At the end of the month a new Erlang release will be available for production: R13B. What I know so far is very promising. A lot of work has been done to improve SMP performance and flexibility. Beside of remarkable internal optimizations as for example the multiple run-queues a number of switches are added to have better control on the SMP behavior. Now you can bind schedulers to logical processors or change the number of active schedulers on runtime, just to name a few. Another goodie is added unicode support.

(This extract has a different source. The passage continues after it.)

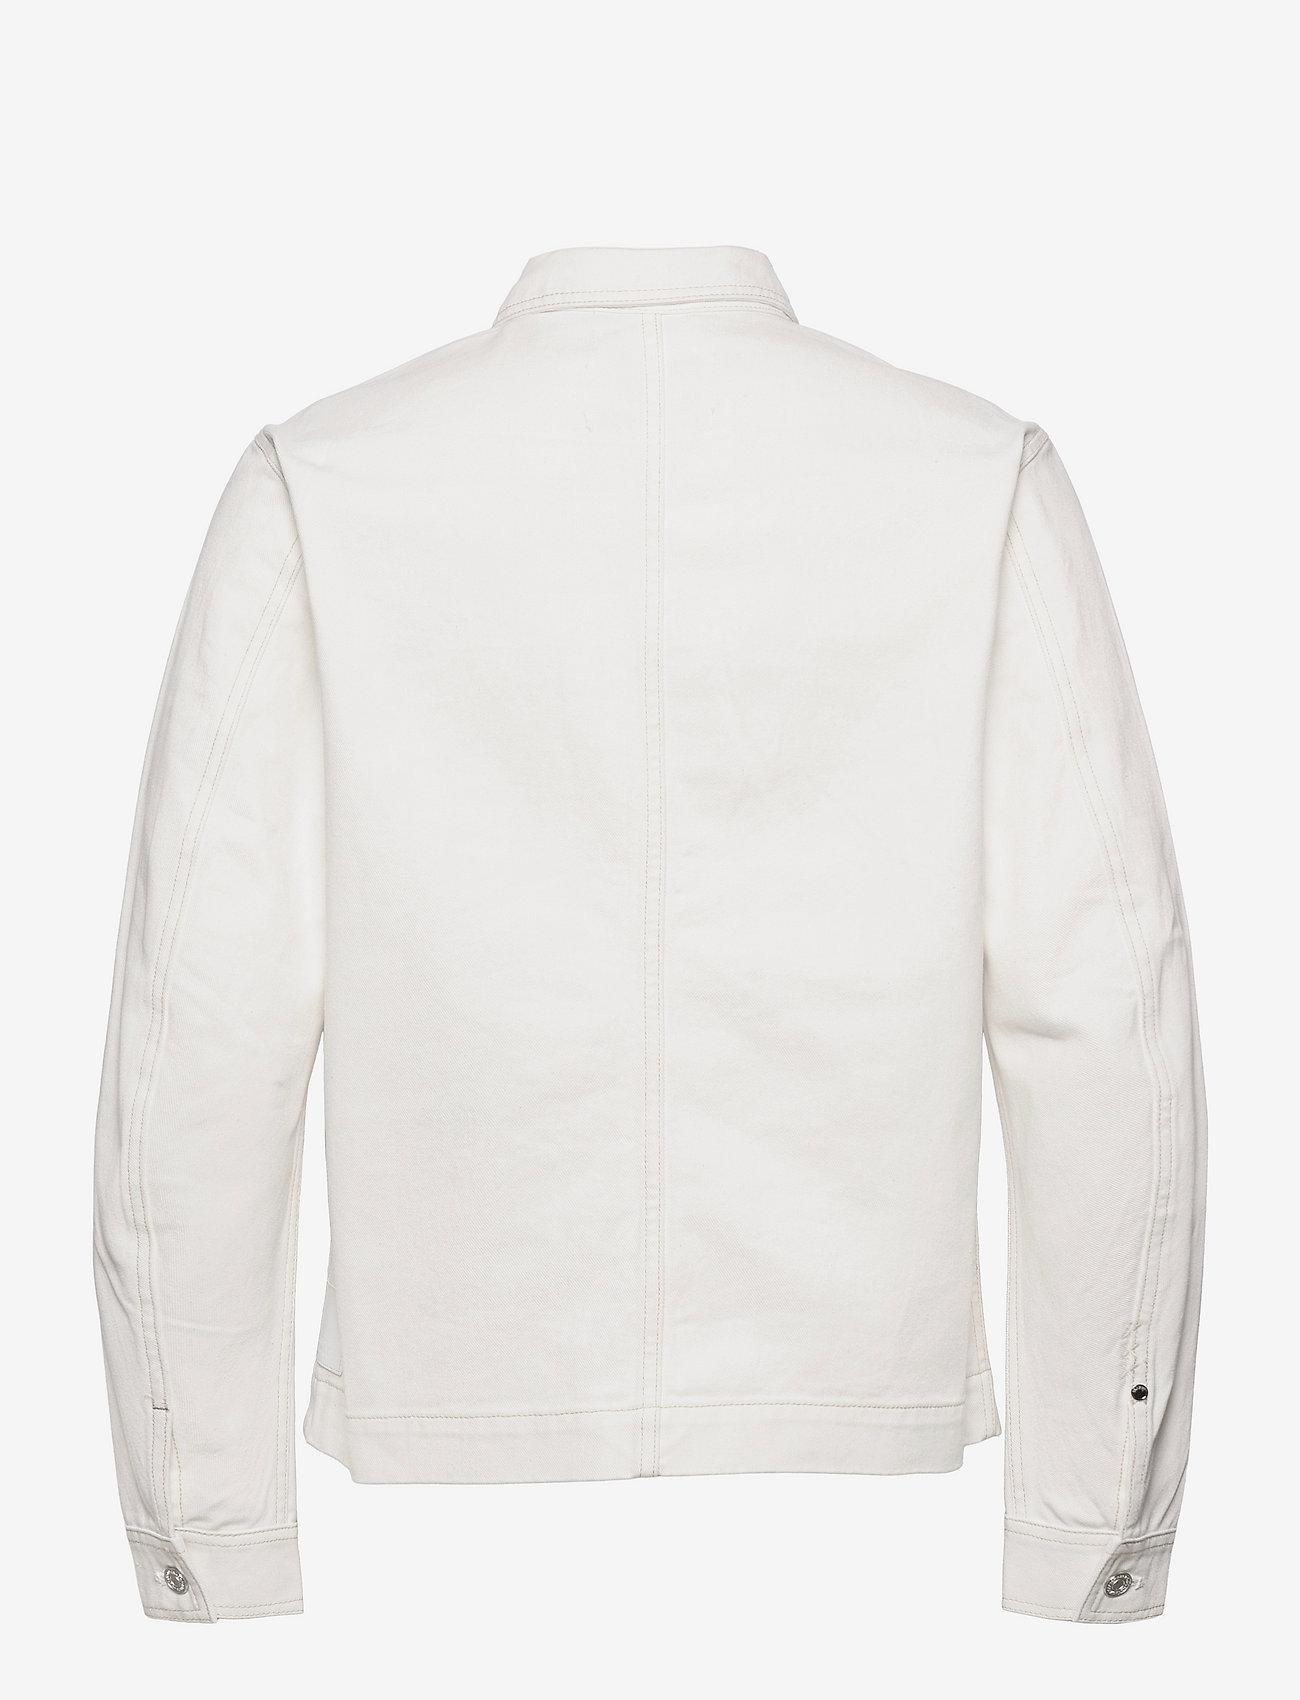 Scotch & Soda - Ams Blauw workwear shirt jacket - spijkerjassen - workwear white - 1

To check out the effect of the new run queues I was running a little benchmark with R13A. The program creates a ring of 5000 processes and executes a simple leader election algorithm with O(n^2) communication complexity. The mashine was a 4 Opteron 1.8GHz with 64bit Linux 2.6.18. Kernel polling was active. As you may see in the picture below the program has not been well written in the sense of good asynchrony since it performs almost always better on a single core. That's perfect for the benchmark and it really challenges the SMP implementation. The multiple run queues have a remarkable benefit in both performance and scalability and this may even be better for an increasing number of cores.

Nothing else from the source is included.